Reputation is one of those amorphous things that people struggle to define, yet seek to protect at all costs. Famous quotes about the importance of reputation abound, and companies generally accept the notion that reputations are worth protecting.
Over the two decades I’ve been working in reputation management, the practice has evolved from an earned media-centric model that was driven largely by the client asks for “positive publicity about the Company, featuring the CEO, please” to a more integrated approach and an understanding that reputation begins with your actions – it is something you demonstrate, more than you discuss. Clients increasingly acknowledge the importance of internal culture to reputation, as employees are the universal touch point to all of your other constituents. With the rise of social media, reputation managers embraced content and owned media as an effective tool for enhancing reputation and worked to be prepared for the power and speed of social when a crisis threatens a company’s reputation.
Recently, there has been a noticeable uptick in the use of paid media for reputation efforts. And while “brand advertising” has long been an accepted practice – these campaigns take a more substantive approach and highlight the Company’s values, ethos and citizenship, more than its products. This is a subtle but important shift, signaling the value of a fully integrated approach use of media for reputation management, including earned, owned and paid. Some brands, like Chipotle, have long been known for their citizenship as a core marketing message. But they are no longer alone. Here are three companies doing it well:
- Microsoft has had a long standing commitment to education, and the opportunity for technology to level the playing field and lift entire communities out of poverty. Microsoft has been running a TV spot that contrasts an African village’s educational needs, with an Appalachian boys’ opportunity to get to college – showing us that the world isn’t so different, and that Microsoft’s commitment to education spans the planet (But ironically, that spot doesn’t seem to be online anywhere).
- In a recent campaign presumably designed to make you stop thinking about that oil spill in the Gulf, BP puts a face to the company (because we trust people, not companies, especially big oil companies) and focuses on the jobs they are creating all across America (more than a quarter million, in case you were wondering).
- Walmart’s Made in America campaign serves as a reminder of the retailer’s long tail, and its commitment to jobs beyond those seniors working as Walmart greeters. This is a not so subtle message to those who may have their issues with Walmart as an employer to remember that American manufacturing’s rebound is reliant on companies like Walmart.
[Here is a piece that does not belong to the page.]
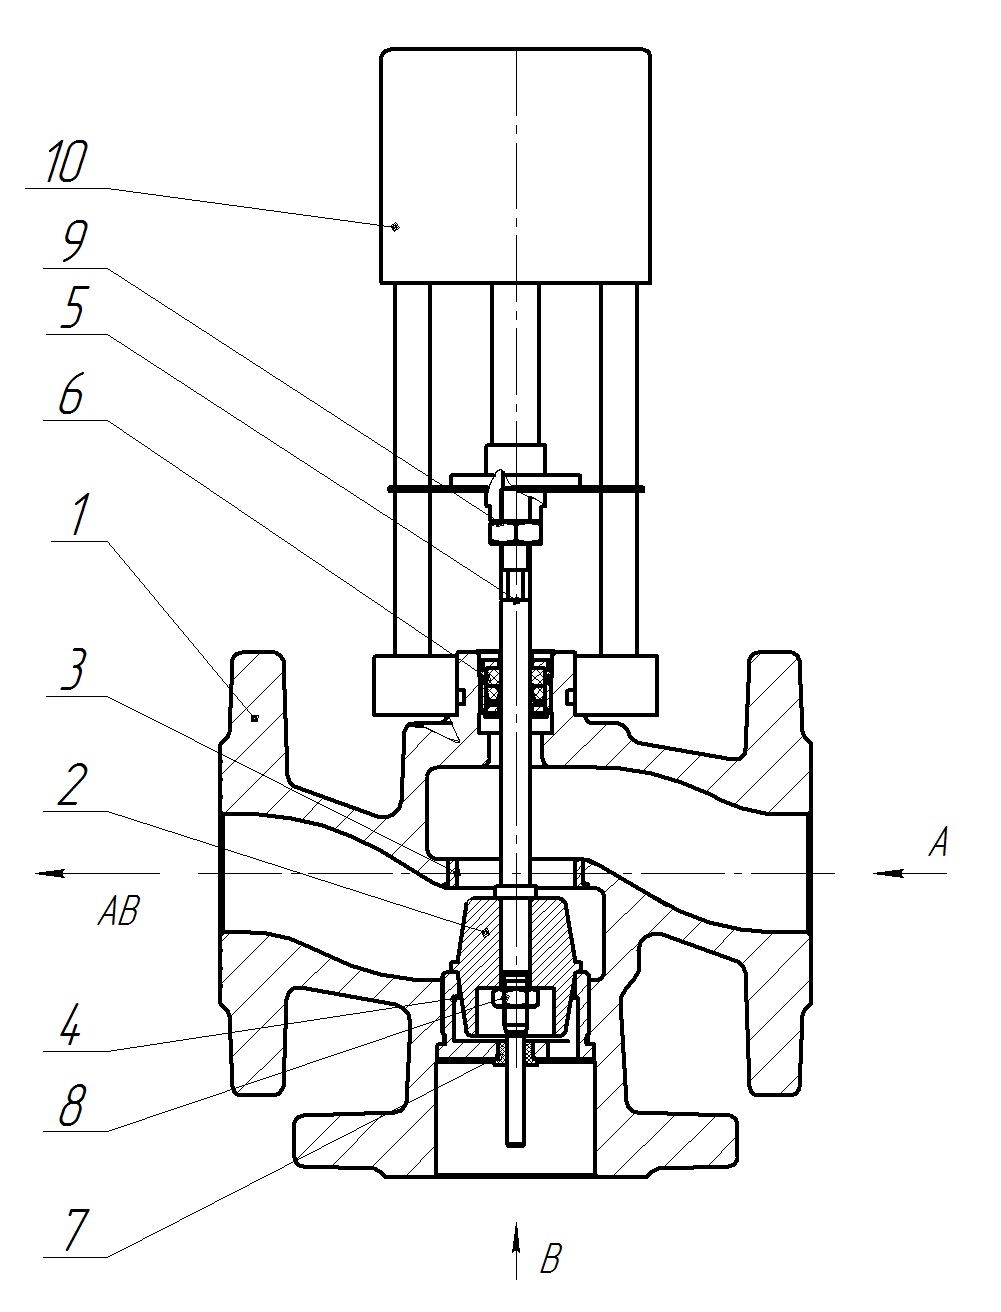 Клапан регулирующий трехходовой разделительный DN.ru 23ч901нж Ду32 Ру16 Kvs10 серый чугун СЧ20, фланцевый, Tmax до 150°С с электроприводом Катрабел TW-500-XD220

There was a time when any kind of paid media was considered taboo in the world of public relations, and running reputation programs entirely on earned media was a badge of honor. This may be the end of that era, as forward-thinking communicators tasked with building and protecting their company’s reputation fund the balance between owned, earned and paid media in order to effectively engage their constituencies with meaningful, substantive interaction. And I think that is a good thing. Let’s not shackle our profession with limits on how to best develop a client’s reputation. Great strategy should be channel agnostic, and great reputations are earned over time across multiple channels.
Of course, when a Company starts using mediums like television advertising to tout its good citizenship, it invites scrutiny. Before you start planning a Super Bowl spot, be sure you are walking the walk.